> **What is required**: Return the material below exactly, but only from the line with "HUD de Dark" through the line with "Alexandra Dobre, eine", and without its pictures.

> **Input data**:
== Segment start ==

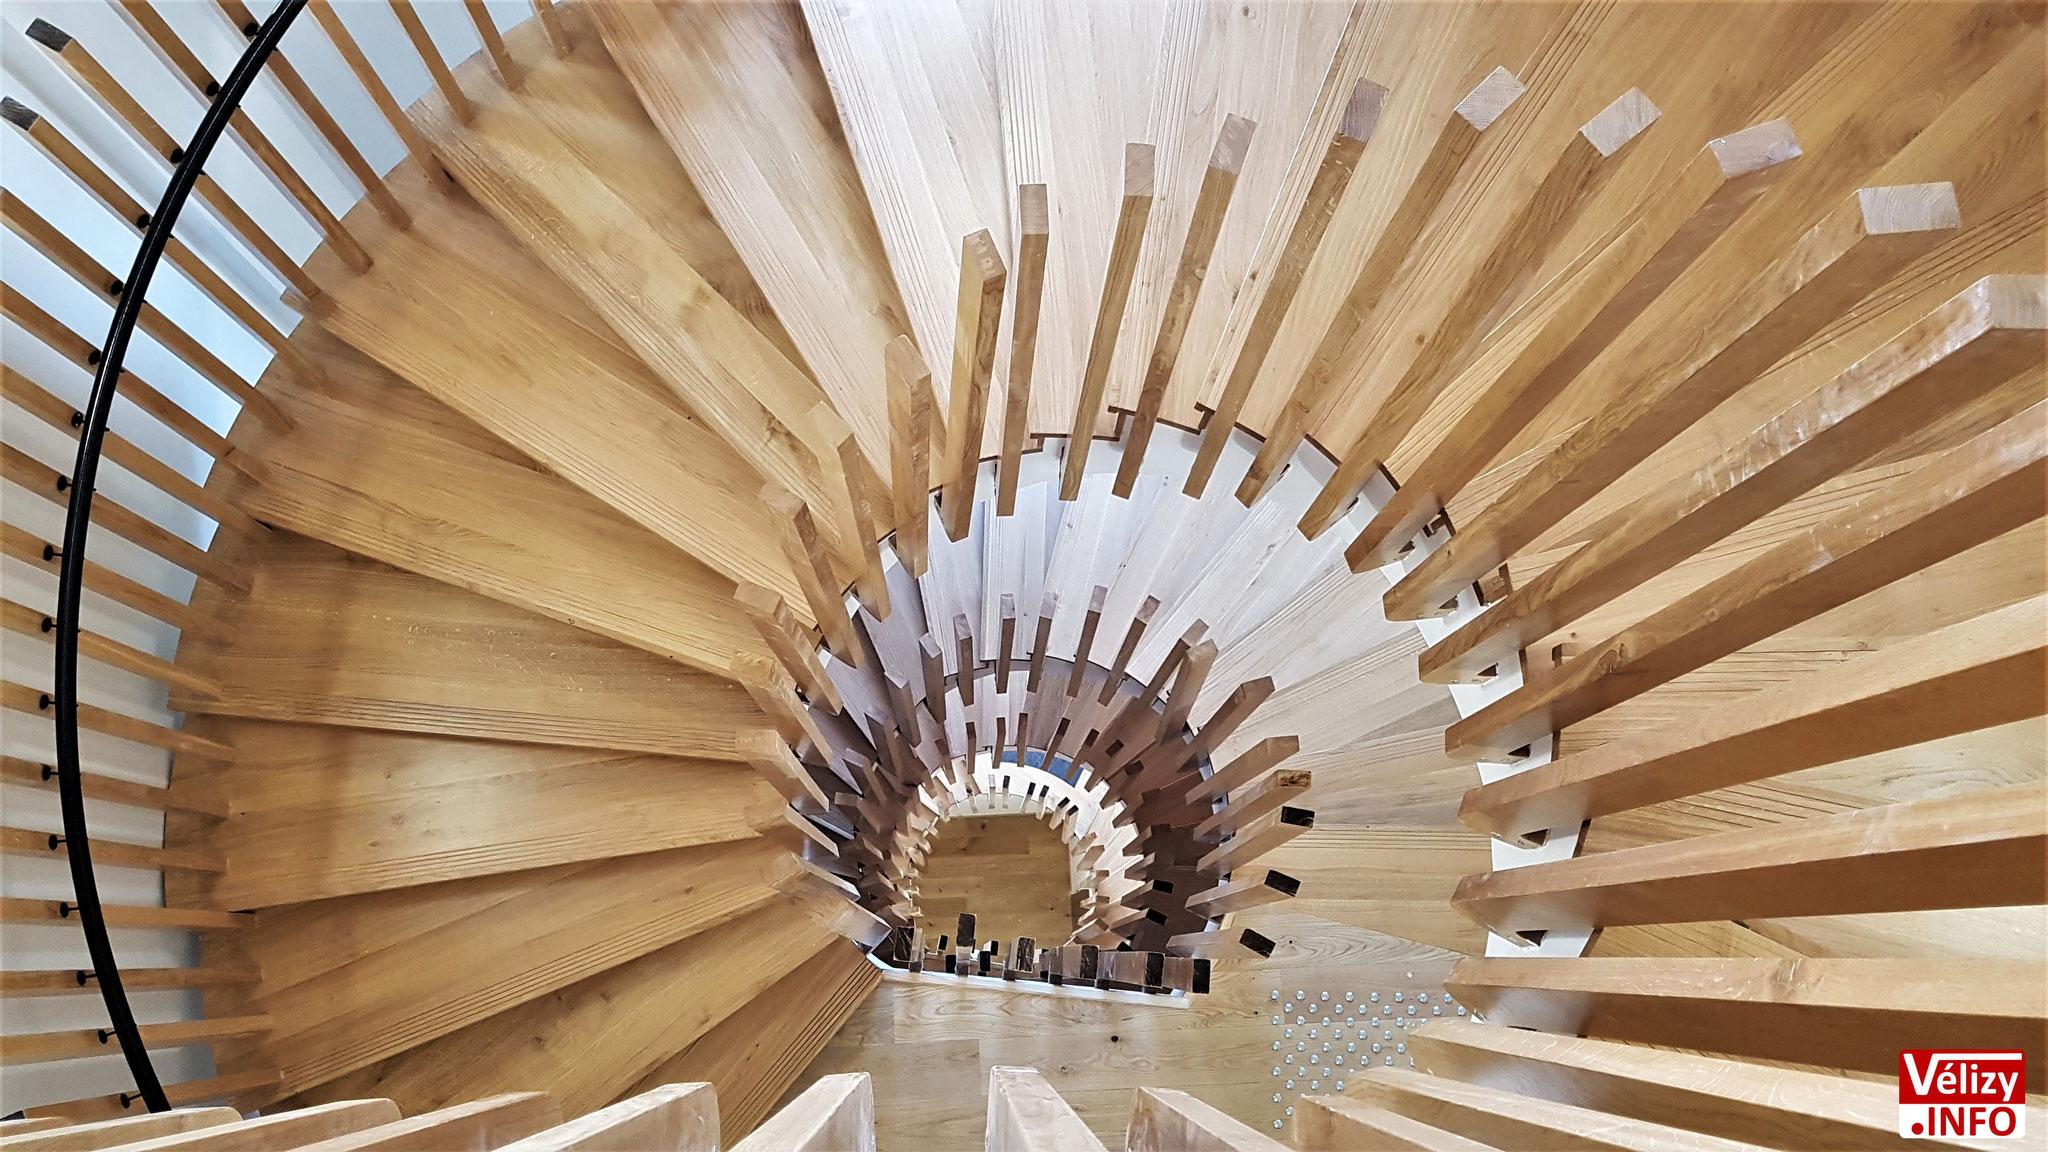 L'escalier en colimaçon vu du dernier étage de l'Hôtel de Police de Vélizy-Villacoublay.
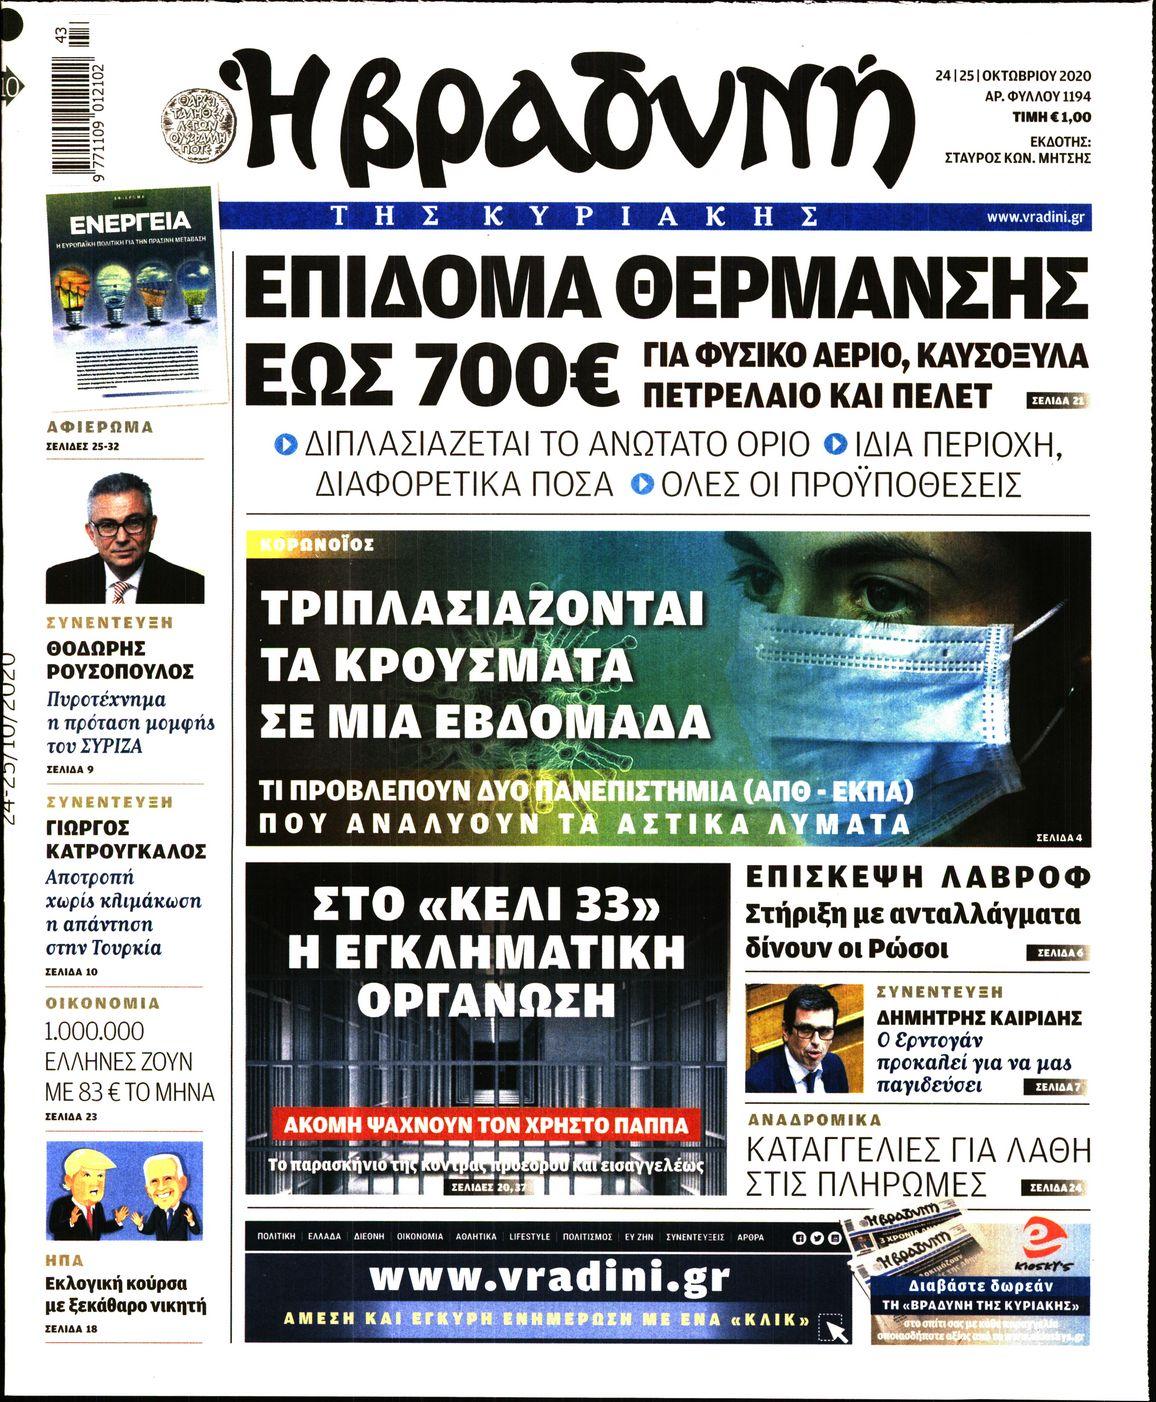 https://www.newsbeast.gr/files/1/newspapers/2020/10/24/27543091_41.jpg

== Segment end ==
== Segment start ==

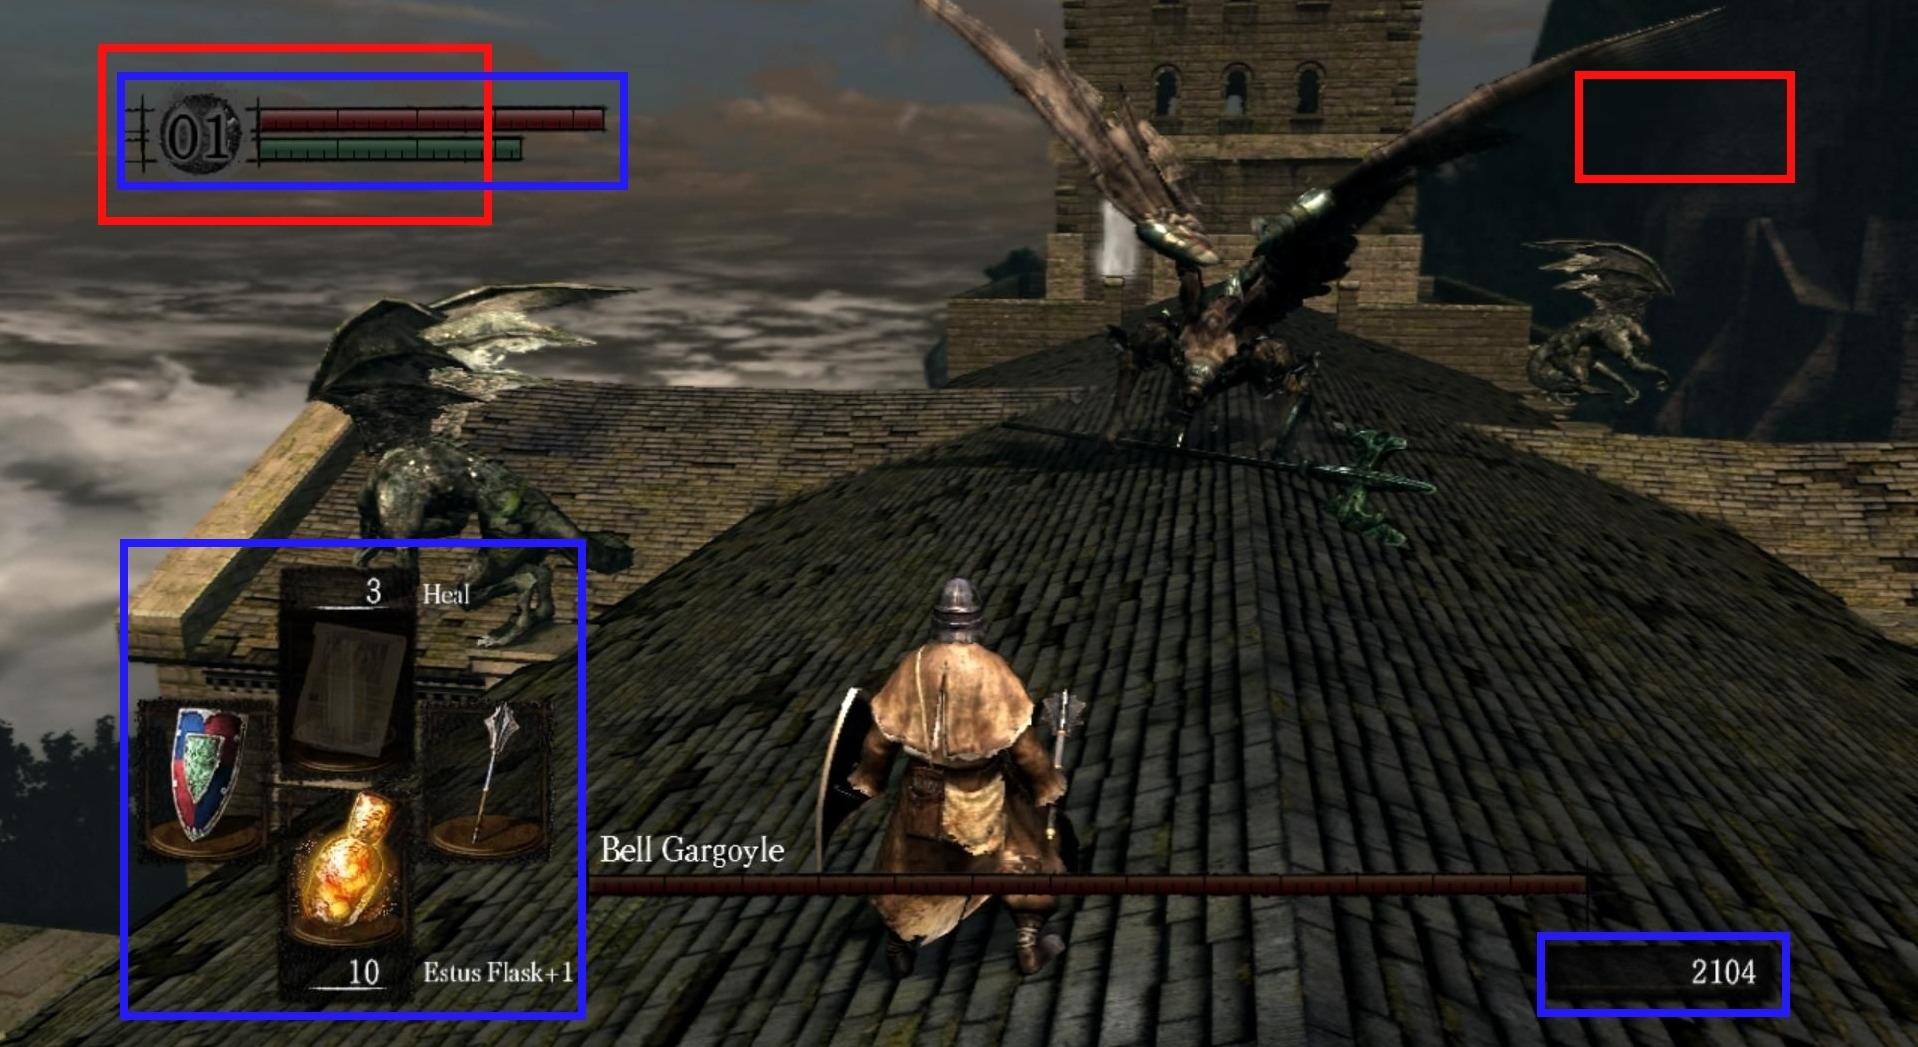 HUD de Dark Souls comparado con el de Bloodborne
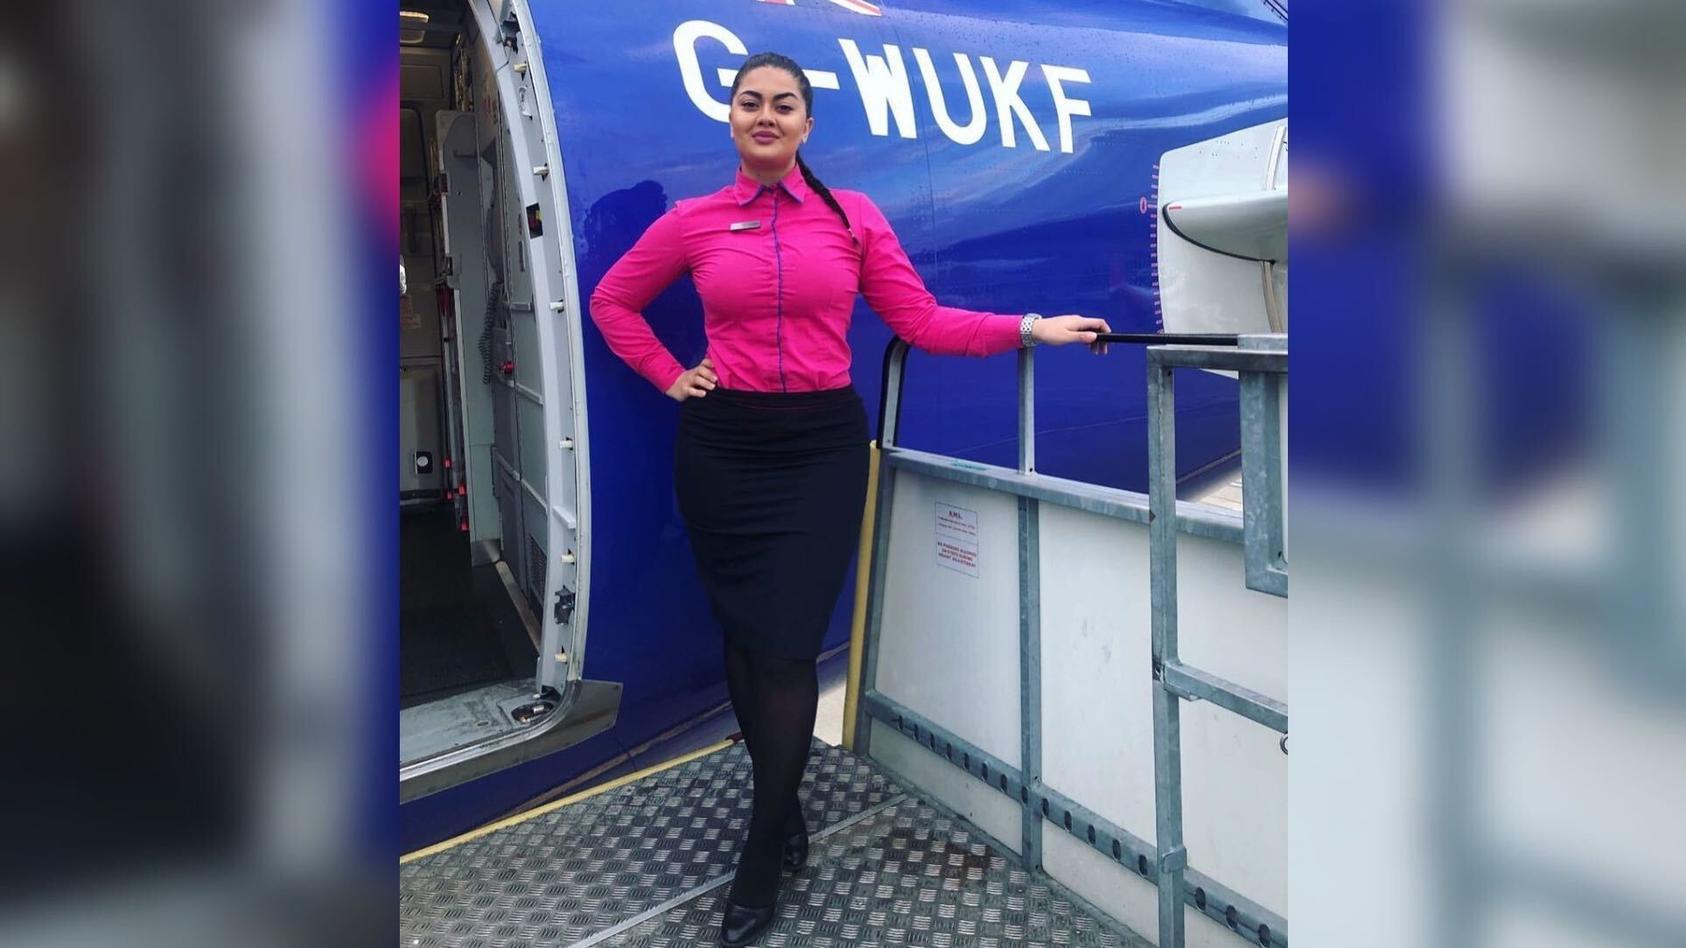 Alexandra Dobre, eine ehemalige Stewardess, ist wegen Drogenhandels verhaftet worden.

== Segment end ==

> **Completed exercise**:
 HUD de Dark Souls comparado con el de Bloodborne
 Alexandra Dobre, eine ehemalige Stewardess, ist wegen Drogenhandels verhaftet worden.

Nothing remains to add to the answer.